The Reason 2026 Will Be a Year Like No Other for India's Solar Observation Mission
Regarding Aditya-L1, 2026 will be like no other.
This marks the initial occasion the spacecraft – which was placed in orbit recently – can observe the Sun during its maximum activity cycle.
According to scientific data, it comes roughly once every 11 years as the Sun's polarity reverses – the Earth equivalent would be the planet's poles swapping positions.
This period marked by intense activity. It involves the Sun changing from peaceful to violent and features a huge increase in the number of solar eruptions and coronal mass ejections (CMEs) – massive bubbles of plasma that erupt of the Sun's outermost layer.
Made up of charged particles, a CME may have a mass up to a trillion kilograms and reach velocities of up to 3,000km each second. It can travel toward various directions, even toward our planet. At top speed, it would take an ejection about half a day to traverse the 150 million km between Earth and the Sun.

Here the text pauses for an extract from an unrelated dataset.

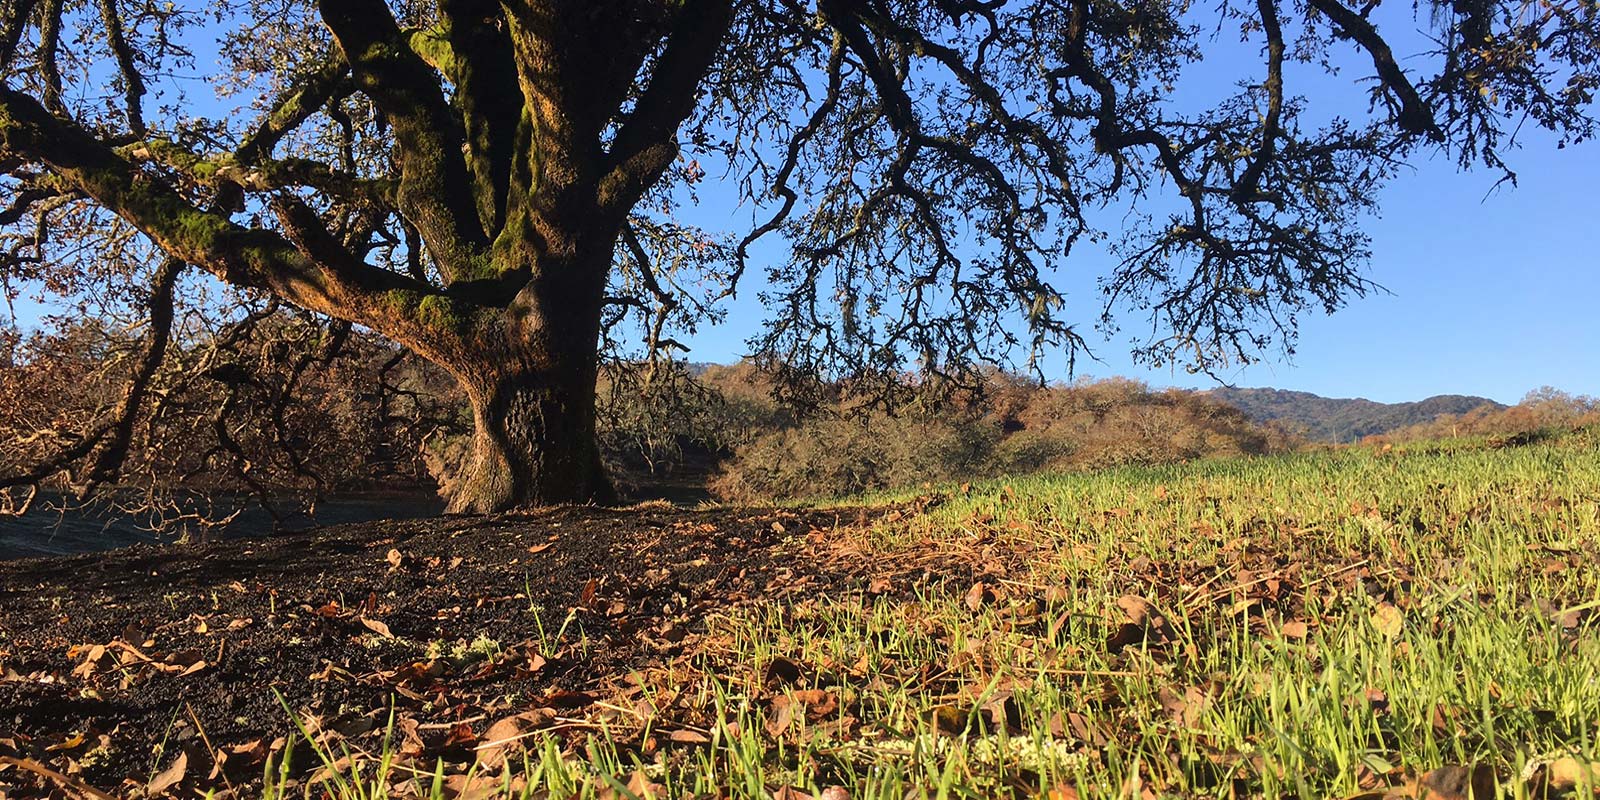 Fire recovery at Sonoma Valley Regional Park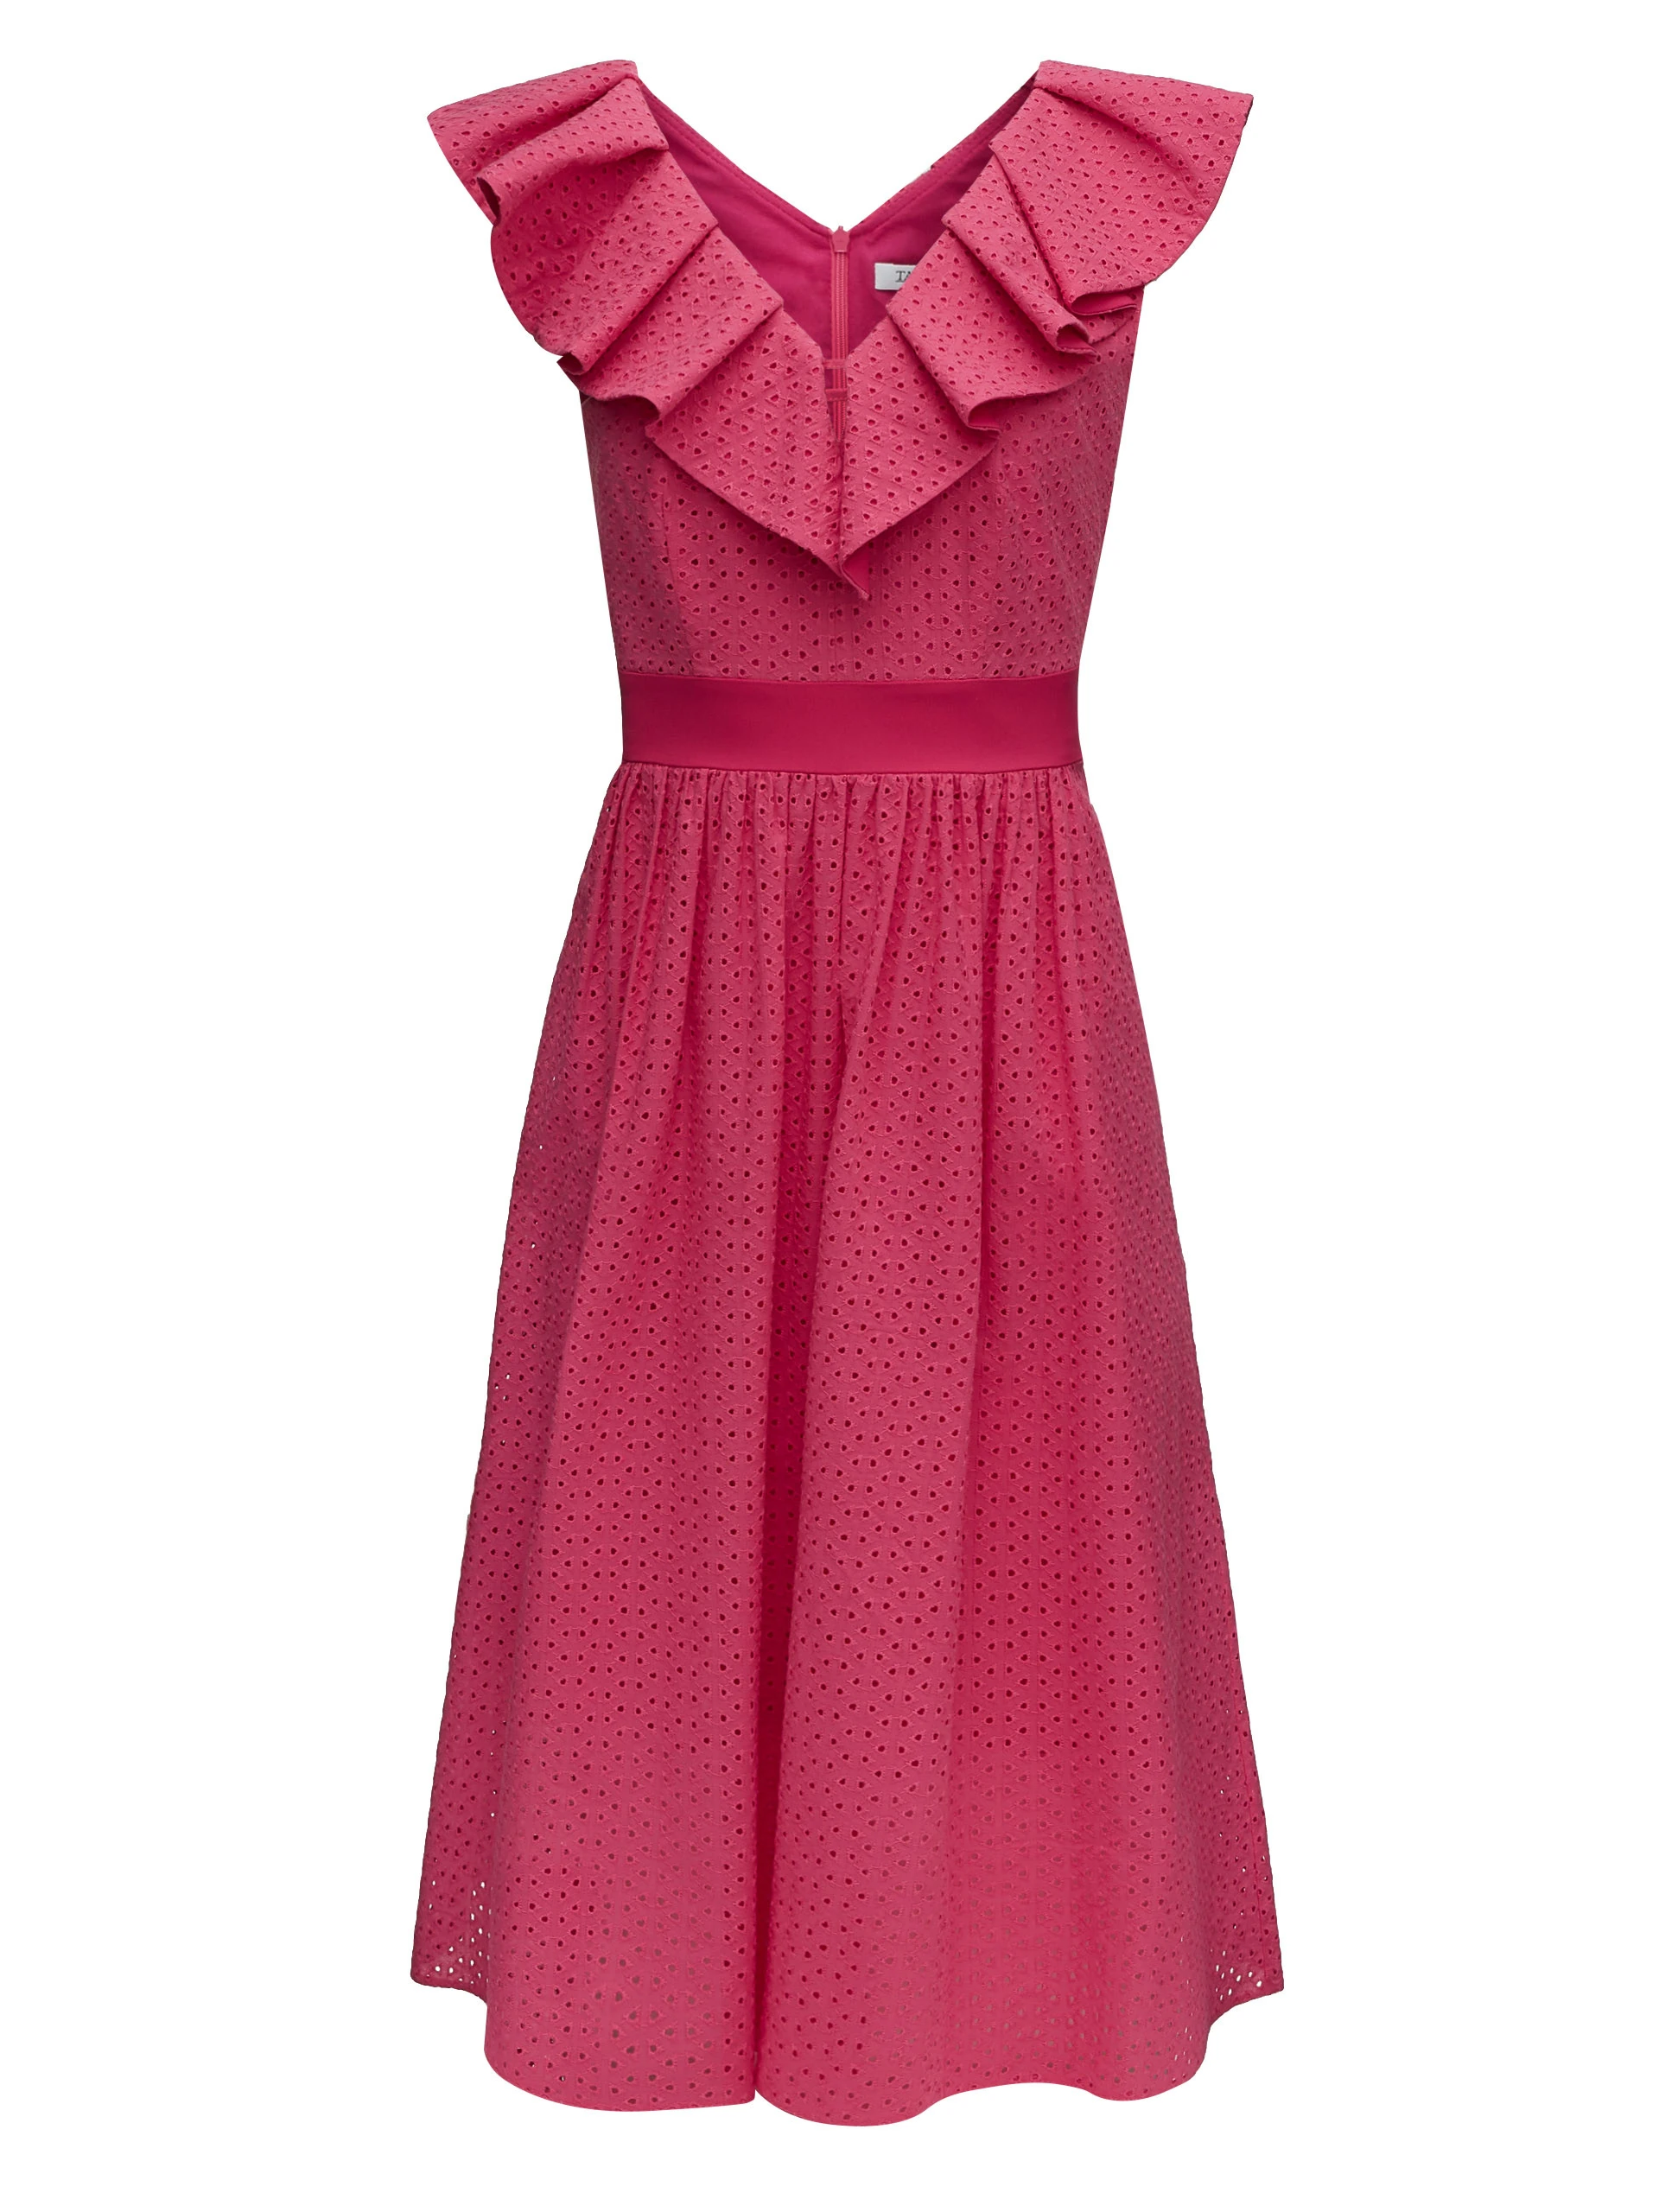 BLUSHED DRESS WITH RUFFLE AT NECKLINE

"In the normal or quiet periods, the Sun emits two to three CMEs a day," explains a leading scientist. "Next year, we expect them to be 10 or more each day."
Researching CMEs is one of the key scientific objectives of India's first solar observatory. One, because the ejections offer a chance to learn about the star in the center of our planetary system, and secondly, because activities occurring on the solar surface threaten systems on our planet and in orbit.
Effects on Earth and Space Infrastructure
CMEs rarely pose a direct threat to human life, yet they impact life on Earth through generating magnetic disturbances affecting the weather in near space, where about 11,000 satellites, including many from India, orbit.
"The most spectacular manifestations from solar eruptions are auroras, which are a clear example that solar particles from our star are travelling toward our planet," the expert explains.
"However, they may make all the electronics aboard spacecraft malfunction, knock down power grids and affect weather and communication satellites."
Historical Solar Incidents
- The strongest solar event in history was the Carrington Event which knocked out communication systems worldwide
- In 1989, a part of Canadian electrical network failed, affecting millions in darkness for nine hours
- In November 2015, solar activity disrupted air traffic control, causing chaos across Scandinavia and various European airports
- Recently in 2022, a CME caused 38 commercial satellites being lost
If we are able to observe events in the solar atmosphere and detect a solar storm or a coronal mass ejection in real time, measure its heat at origin and watch its trajectory, it can work as a forewarning to shut down electrical systems and satellites and move them out of harm's way.
The Mission's Unique Advantage
There are other solar missions watching our star, Aditya-L1 has an advantage compared to rivals when it comes to watching the corona.
"The instrument is the exact size that lets it nearly mimic lunar coverage, completely blocking the Sun's photosphere and allowing it an uninterrupted view of nearly the entire solar atmosphere around the clock, 365 days a year, including during solar events," notes the researcher.
In other words, this instrument functions as an artificial Moon, blocking the solar glare to let scientists continuously observe the dim solar atmosphere – something natural eclipses provide only during specific moments.
Additionally, this is the only mission that can study eruptions in visible light, enabling it to measure eruption heat and heat energy – crucial data indicating the intensity a CME would be if it headed toward Earth.
Readiness for Maximum Activity
To prepare for next year's solar maximum, scientists worked together analyzing the data gathered from a major solar eruption recorded by the mission has observed recently.
It originated in September 2024 at 00:30 GMT. The eruption's weight totaled billions of tons – for comparison that sank Titanic weighed much less.
Initially, its temperature was 1.8 million degrees Celsius with energy equivalent was equivalent to 2.2 million megatons of explosives – relative to the atomic bombs used in Japan were much smaller and 21 kilotons respectively.
Even though the numbers make it sound massive, the expert classifies it as a "medium-sized" one.
The space rock that eliminated the dinosaurs on Earth was 100 million megatons and during solar peak occurs, we could see eruptions carrying power matching even more than that.
"I consider the CME we evaluated to have occurred during periods was in the normal activity phase. Now this sets the standard that we'll be using assessing what is in store when the maximum activity cycle arrives," he states.
"The learnings gained will assist in work out protective measures to be adopted safeguarding satellites in near space. Additionally, they'll aid achieving deeper knowledge of near-Earth space," he concludes.